Choosing the Right Load Type in Unity’s Audio Import Settings

9 min readMay 6, 2020

Today we’ll be talking about the different Load Types in Unity’s Audio Import Settings and why selecting the right Load Type is important for your game.

Correct Load Type settings are critical for your game’s performance!

Editor’s Note: Compression Formats, Load Type and the Preload Audio Data/Load in Background settings go hand in hand. We recommend reading our blog posts on all three in the following order for a complete overview:

Blog 1: Compression Formats

Blog 2: Load Types (this post)

Blog 3: Preload Audio / Load in Background (coming soon)

This blog post has been made as a supplement to our video tutorial on this same topic.

Introduction

The topic Load Type is somewhat vaguely described in the Unity Documentation and many of the articles and blog posts we’ve read about it left us with questions.

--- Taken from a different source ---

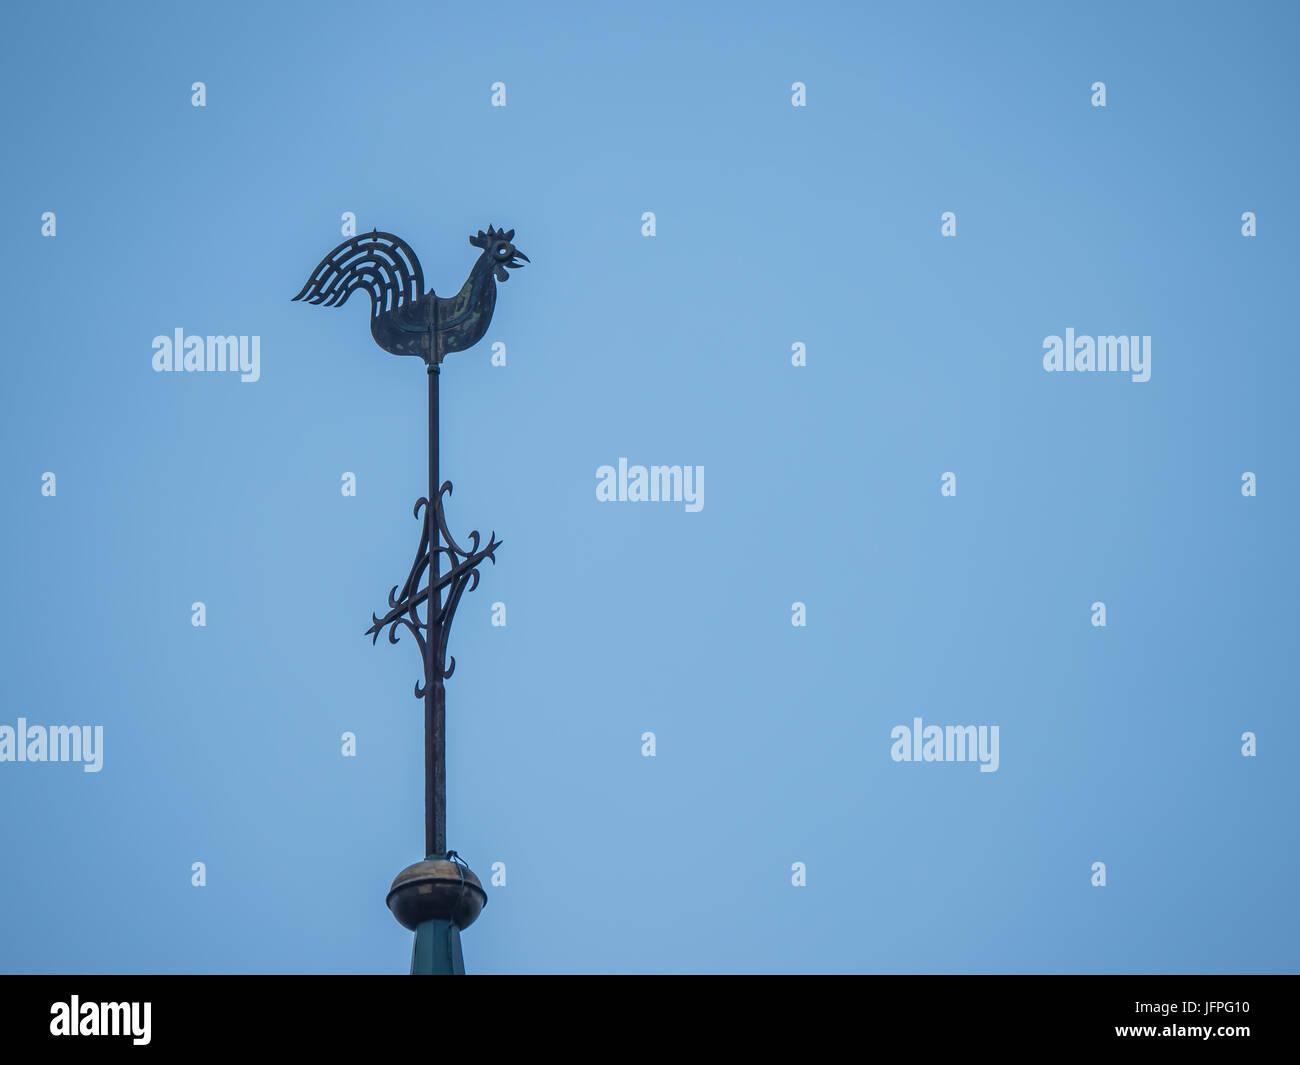 Iglesia chapitel con veleta y un cielo azul sin nubes Imagen De Stock

The reason for this is that the term “Load” is rarely explained properly.

We had to do a lot of experimentation to find out exactly when and how audio clips are loaded and unloaded to the scene.

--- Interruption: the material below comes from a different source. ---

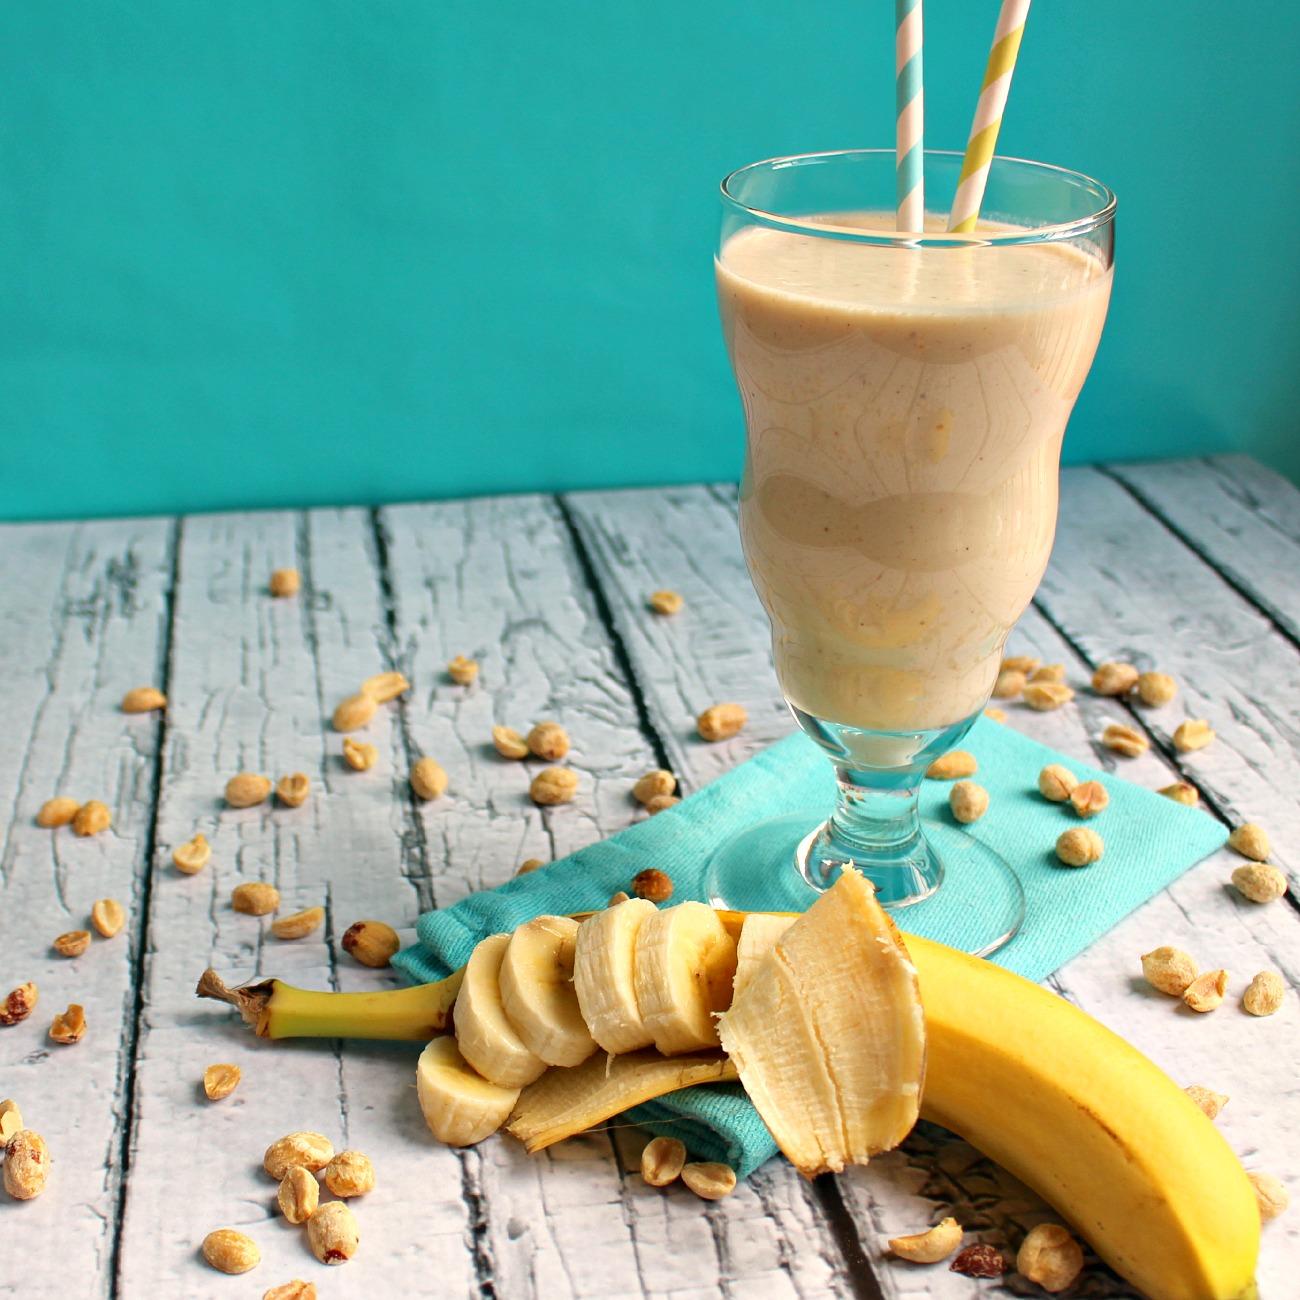 banana-kikiriki-shejk

So, to really understand the Load Type settings, as well as its role in the Audio Import Settings, we need to know exactly what loading and unloading audio means in Unity.

Load Types

“Loading” an audio file simply means the audio data has been primed for playback in Unity. How it will be primed is determined by the corresponding load type.

When the AudioClip has been primed, Unity will be ready to playback that audio data and has step by step instructions to follow for when the scene requests that AudioClip be played.

There are only two priming methods that Unity offers:

storing the audio data in memory
or… not

We’ll elaborate later on the “not” but first, let’s take a look at storing audio data in memory.

Storing Audio Data in Memory

Storing the audio data in the memory (or RAM, which stands for Random Access Memory) is a very efficient way to prime audio data because RAM has a higher read rate compared to the storage medium, i.e. your hard disk or SSD.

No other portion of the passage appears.